Fedora Board Recap 07-06-2011

Richard Fontana rfontana at redhat.com
Sat Jul 9 21:30:00 UTC 2011


On Wed, Jul 06, 2011 at 11:24:26PM -0700, Adam Williamson wrote:
> On Wed, 2011-07-06 at 23:12 -0400, Richard Fontana wrote:
> > On Wed, Jul 06, 2011 at 07:02:33PM -0700, Adam Williamson wrote:
> > > On Wed, 2011-07-06 at 16:48 -0400, Richard Fontana wrote:
> > > > I think there may be some confusion on this one particular
> > > > point. Something can be licensed even if it doesn't have an explicit
> > > > license notice on it.

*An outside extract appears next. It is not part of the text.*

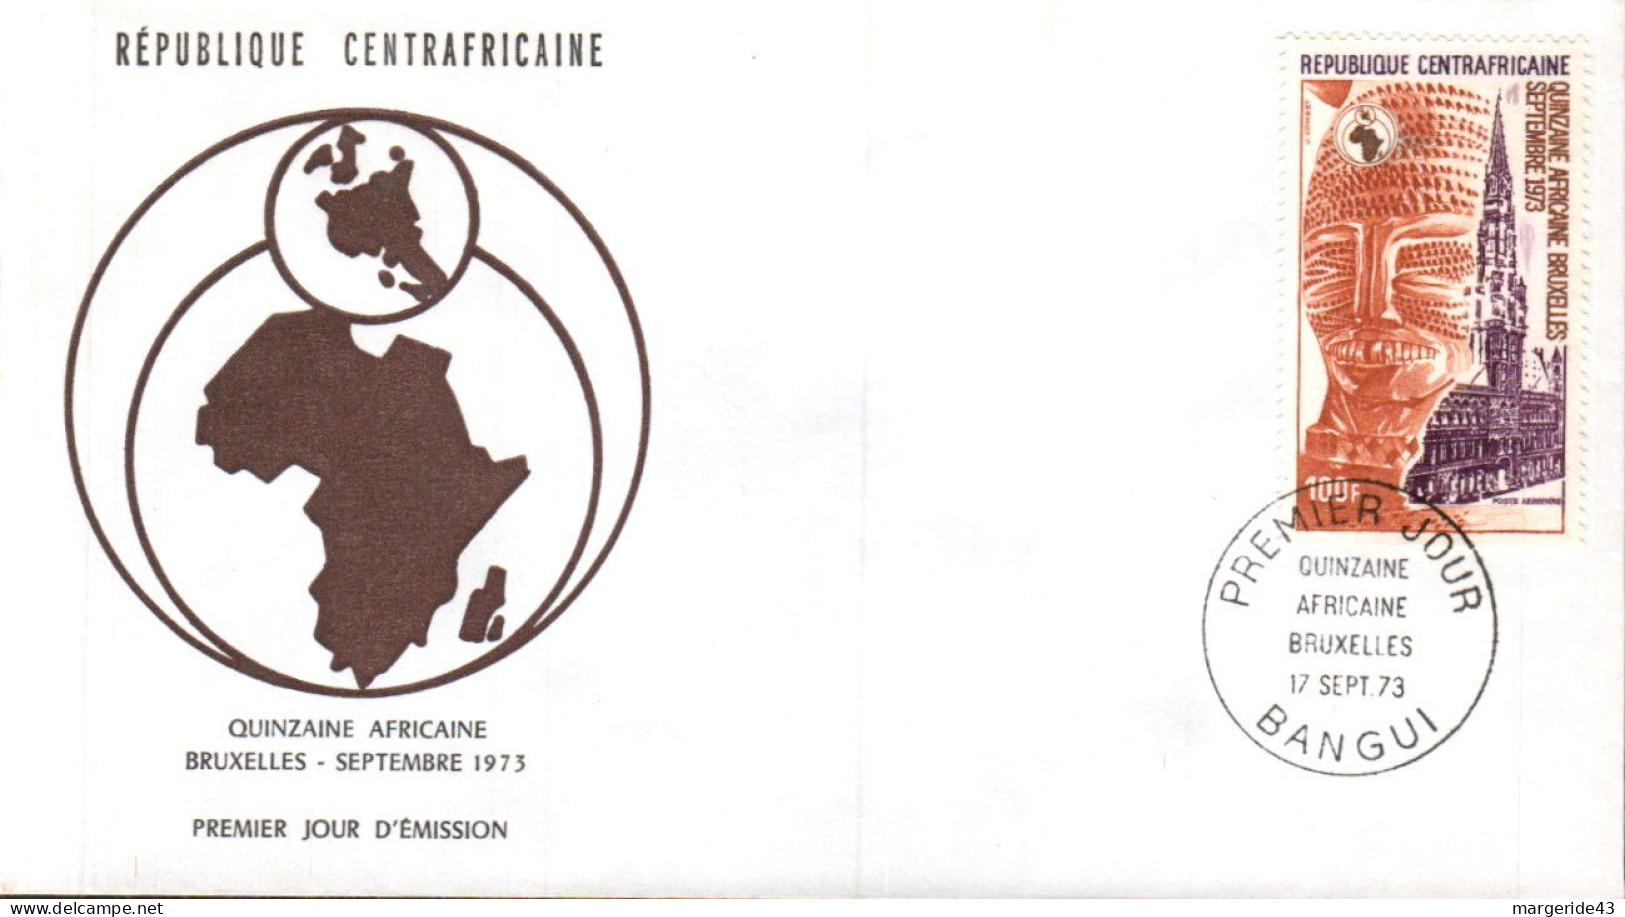 CENTRAFRIQUE FDC 1973 QUINZAINE AFRICAINE BRUXELLES - Centrafricaine (République)

Implicit licensing is pervasive in free software
> > > > development.
> > > 
> > > Is there some kind of solid legal basis for this opinion? It seems
> > > speculative. Has it been established definitively that, say, a patch
> > > sent to the mailing list of a well-established F/OSS project definitely
> > > has an implicit license? 
> > 
> > Not in the sense that there's been, say, US case law on that specific
> > fact pattern. However, the doctrine of implied license is well
> > established in US copyright law.  
> 
> But that's the *concept* of an implied license, right? Not its
> applicability (ew) to any particular set of circumstances that commonly
> occurs in the F/OSS world?

I suppose, but there's no reason why it wouldn't apply to FOSS.